Miniaturized HPLC Systems

Science or Fiction?

  • Dr. Thorsten TeutenbergDr. Thorsten Teutenberg
  • Dr. Thorsten Teutenberg
  • Dr. Juri Leonhardt
  • Dr. Terence Hetzel
  • Fig. 1: Schematic comparison of HPLC systems Anno 1980 and Anno 2018.

In the academic environment, micro-LC played a major role in the early commercialization of HPLC systems in the 1960s. Although the technical requirements were significantly worse than today, many university research groups have succeeded in successfully demonstrating the much-cited advantages of miniaturized HPLC systems in the form of proof-of-concept studies.

The biggest obstacle to the widespread use of micro-LC in routine and research laboratories was the reduction of critical system volumes. Following the successful market introduction of UHPLC technology at the beginning of the new millennium, the conditions were ideal for exploiting the potential of micro-LC for routine applications. In fact, it is noted that the development of HPLC systems designed for low flow rates has recently gained considerable momentum. The manufacturers pursue different technical approaches. While some of them focus on retrofitting their existing systems, others design special low-flow systems, some of which take up less space.

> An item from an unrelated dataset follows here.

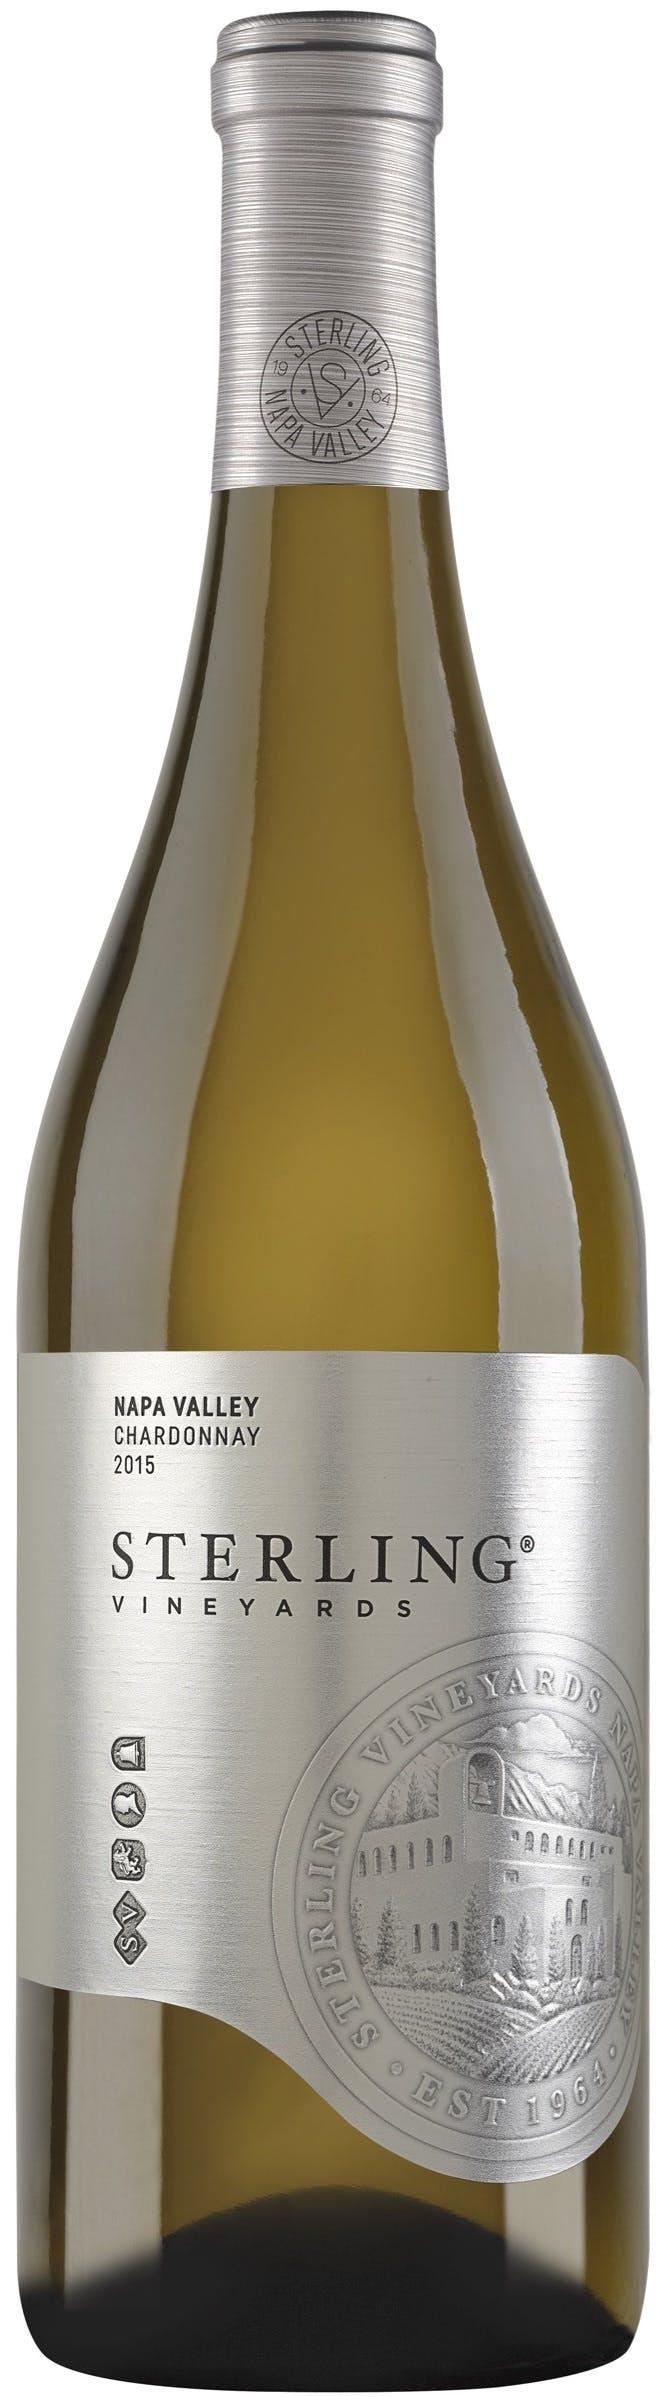 Sterling Napa Valley Chardonnay 2015 750ml

To ensure high separation efficiency when using columns with an inner diameter (ID) of 300 µm, all volumes leading to band broadening must be significantly reduced. We have explained this in detail in the article „Micro LC Basics” [1].

In addition to reducing dead and system volumes, a micro-LC system must be capable of generating a flow rate between 10 µL min-1 and 50 µL min-1. This can be achieved using two different approaches.

Retrofitting

In one variant, a conventional system designed for „high-flow“ applications is technically modified. This can be done e.g. via an electronic flow control. A micro- or nano-flow is generated by real-time adjustment of the flow rate in the form of a flow splitter in front of the separation column. Furthermore, the gradient dwell volume (GDV) must be reduced, e.g. by removing the mixer or mixing chamber. At flow rates of less than 50 µL min-1, a precise mixing of the eluent streams is already achieved by the axial diffusion in the capillaries if the diameter of the capillaries is less than 50 µm [2].

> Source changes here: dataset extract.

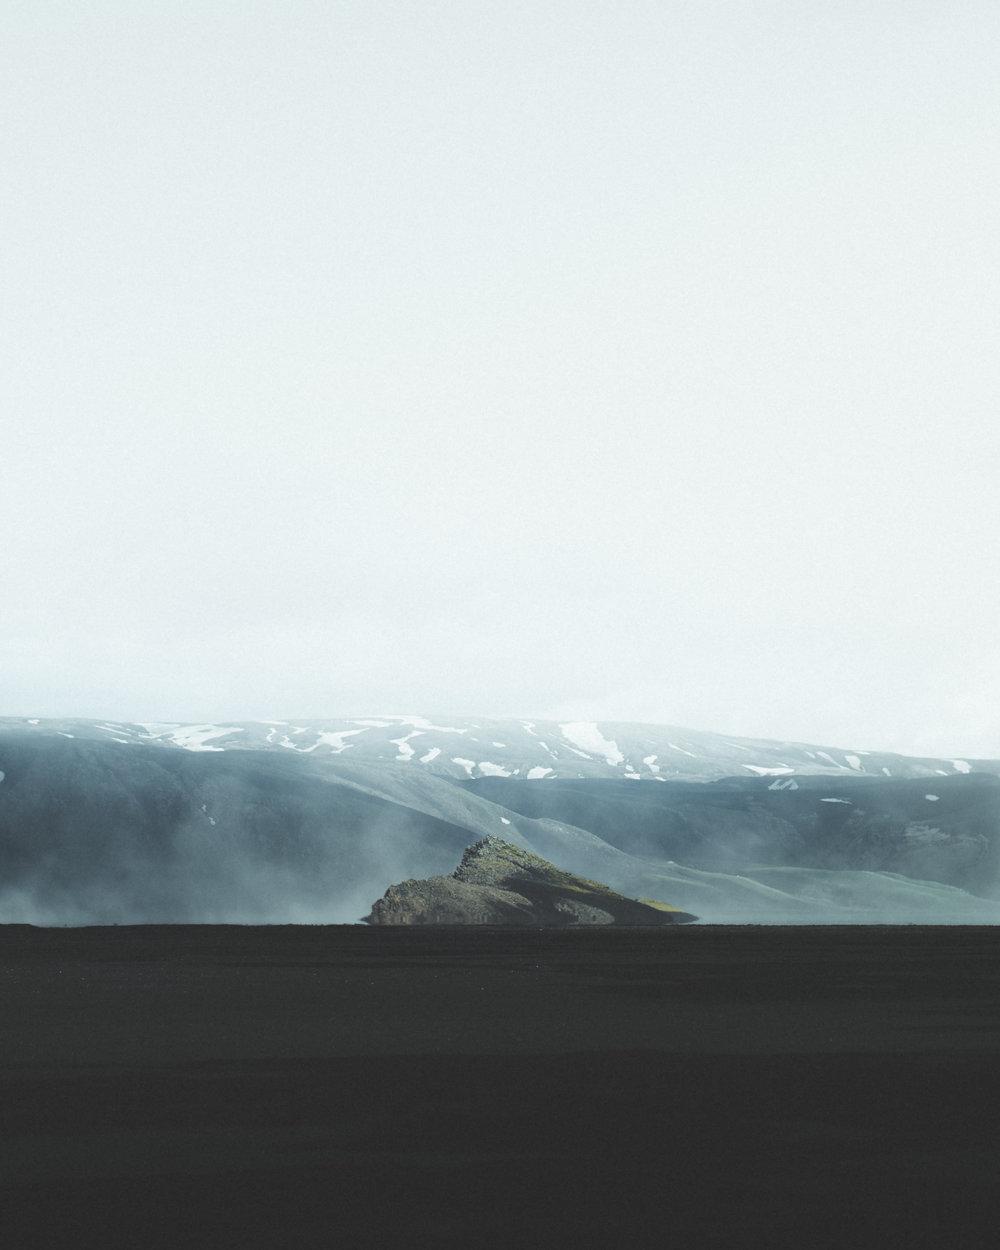 iceland-photography-benjamin-hardman-ísland-landscape-untitled_DSC1426.jpg

Hence, a simple mixing tee is sufficient.

A glance at the technical specifications of „classic“ UHPLC systems reveals that the pumps are often specified for a micro-flow of up to 10 µL min-1. If the GDV is 50 µL and the analysis is performed at 10 µL min-1, it would take five minutes for the gradient to reach the column. Short cycle times cannot be achieved in this way. In the second variant, for example, pneumatic syringe pumps are used that generate a real micro or nano flow. The advantage is that solvents are saved because the eluent flow does not have to be split up in front of the column.

The second point concerns the injection volume. As we explained in the article „The injection, the unknown and complex being” [3], technical solutions exist for reproducibly transferring volumes of less than 100 nL to the separation column using standard autosamplers. A disadvantage of conventional systems that can be technically modified for micro or nano HPLC applications, is the sometimes considerable distance of more than 50 cm between the injector and the separation column. This can lead to a strong band broadening in front of the column, as well as to long delay times until the injection plug actually reaches the column. All this should be taken into account, even if the technical specifications of the manufacturers specify a micro-LC flow.

The third point concerns the detector. As explained in the article „The Detector“ [4], a technical solution exists for each type of detection, which is suitable for coupling with micro-LC and only leads to a negligible band broadening. Coupling with mass spectrometry is particularly well suited because band broadening can be reduced by simply exchanging the emitter tip. Unfortunately, when using spectroscopic detectors, the reduction of the system or cell volume is always associated with a loss of signal intensity.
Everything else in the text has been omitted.